Lately, I’ve been thinking a lot about privacy settings and whether they’re really guarantees, or just preferences dressed up to look like control.
On paper, systems like @SignOfficial make privacy feel configurable. You get selective disclosure, permissioned access, controlled sharing. You decide what to reveal, when to reveal it, and to whom. It almost feels like ownership the user is in charge of their own data.
But the more I dig in, the more I realize privacy sits inside a policy framework rather than outside of it.
Sure, the system lets you disclose selectively but it also defines the boundaries. What fields exist, what can be hidden, what must be shared for a transaction to work. If a service requires certain information, your “choice” isn’t absolute. You can refuse, but then access is denied. Privacy starts to feel less like full control and more like negotiated participation.
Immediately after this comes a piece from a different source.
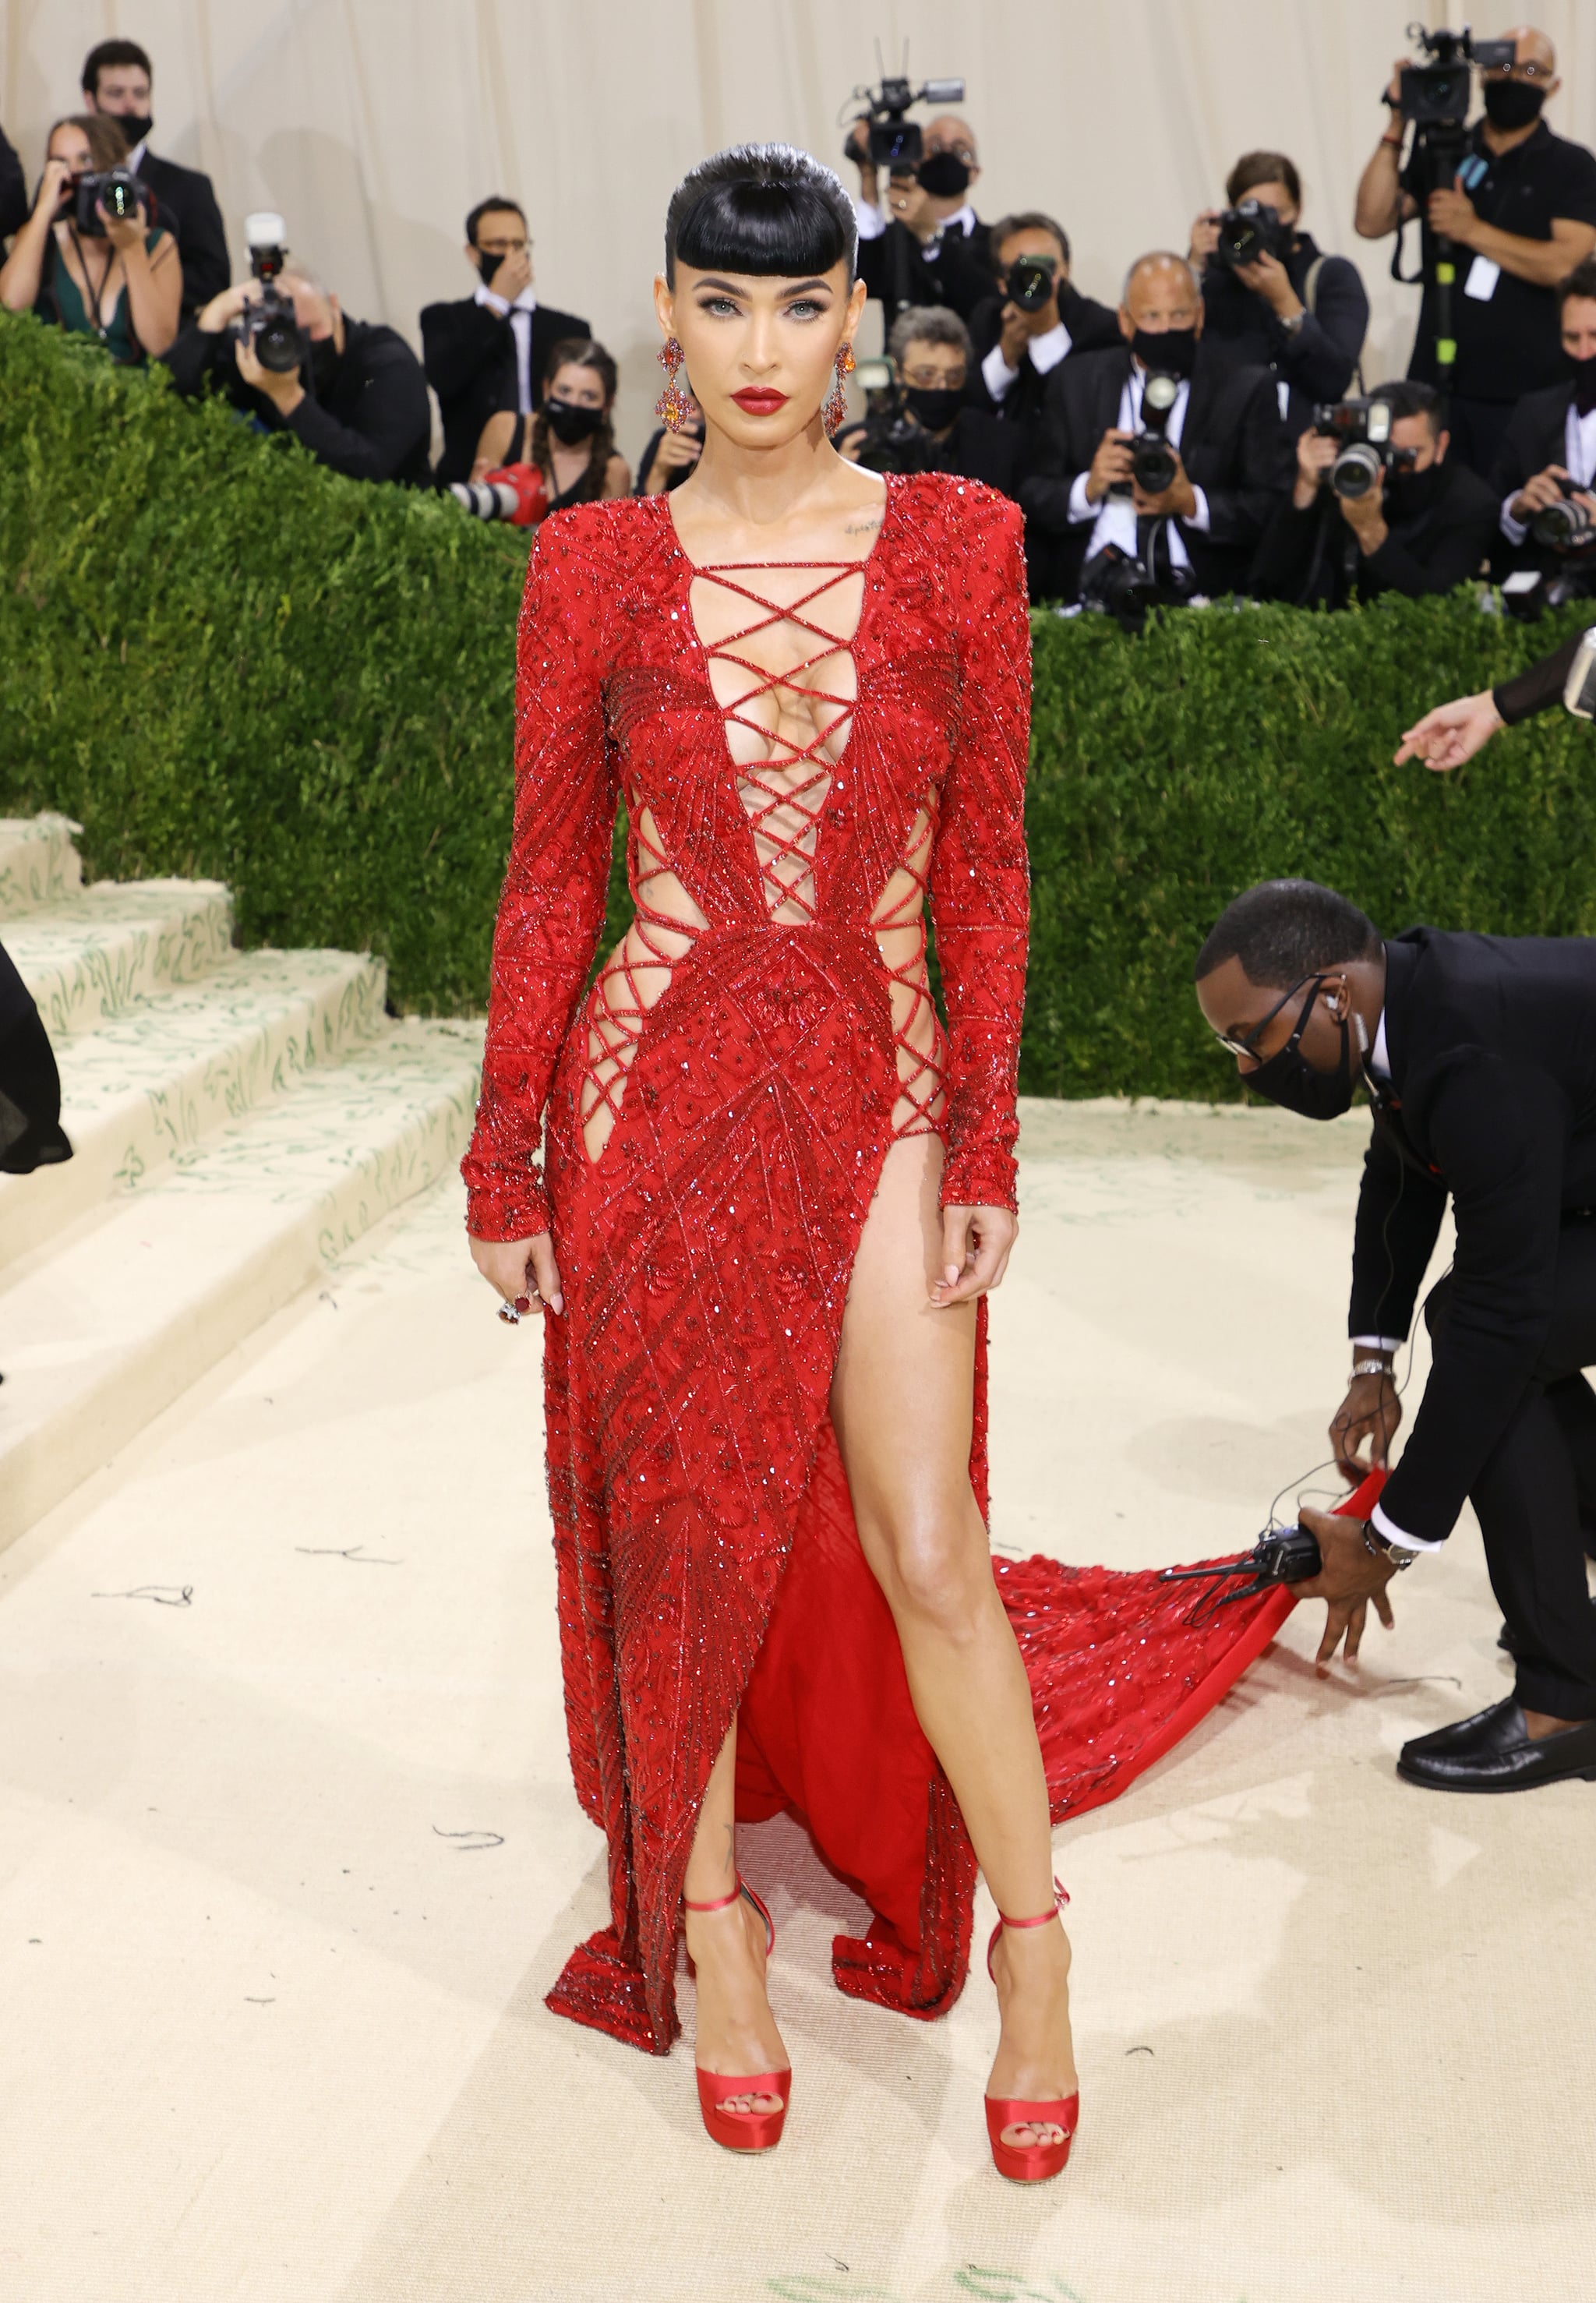 Met Gala 2021 Red Carpet: See Every Celebrity Look, Outfit & Dress Here

And it gets even trickier when policies change. An issuer can update requirements. A verifier can tighten rules. A government can redefine what must be disclosed for compliance. The cryptography remains solid, but the rules around it shift. What was optional yesterday can become mandatory tomorrow and the system doesn’t break.
From the outside, everything still looks privacy-preserving. The proofs verify. Data is still selectively disclosed. But the room for keeping things private can quietly shrink one policy update at a time.
$SIGN makes privacy technically possible, and the tools are there. The controls are there. But whether those controls remain in the hands of users or slowly shift toward issuers and regulators feels like a separate question entirely.
So now I wonder: in identity systems, do we truly own our privacy, or are we just allowed to configure it within rules that can change without warning?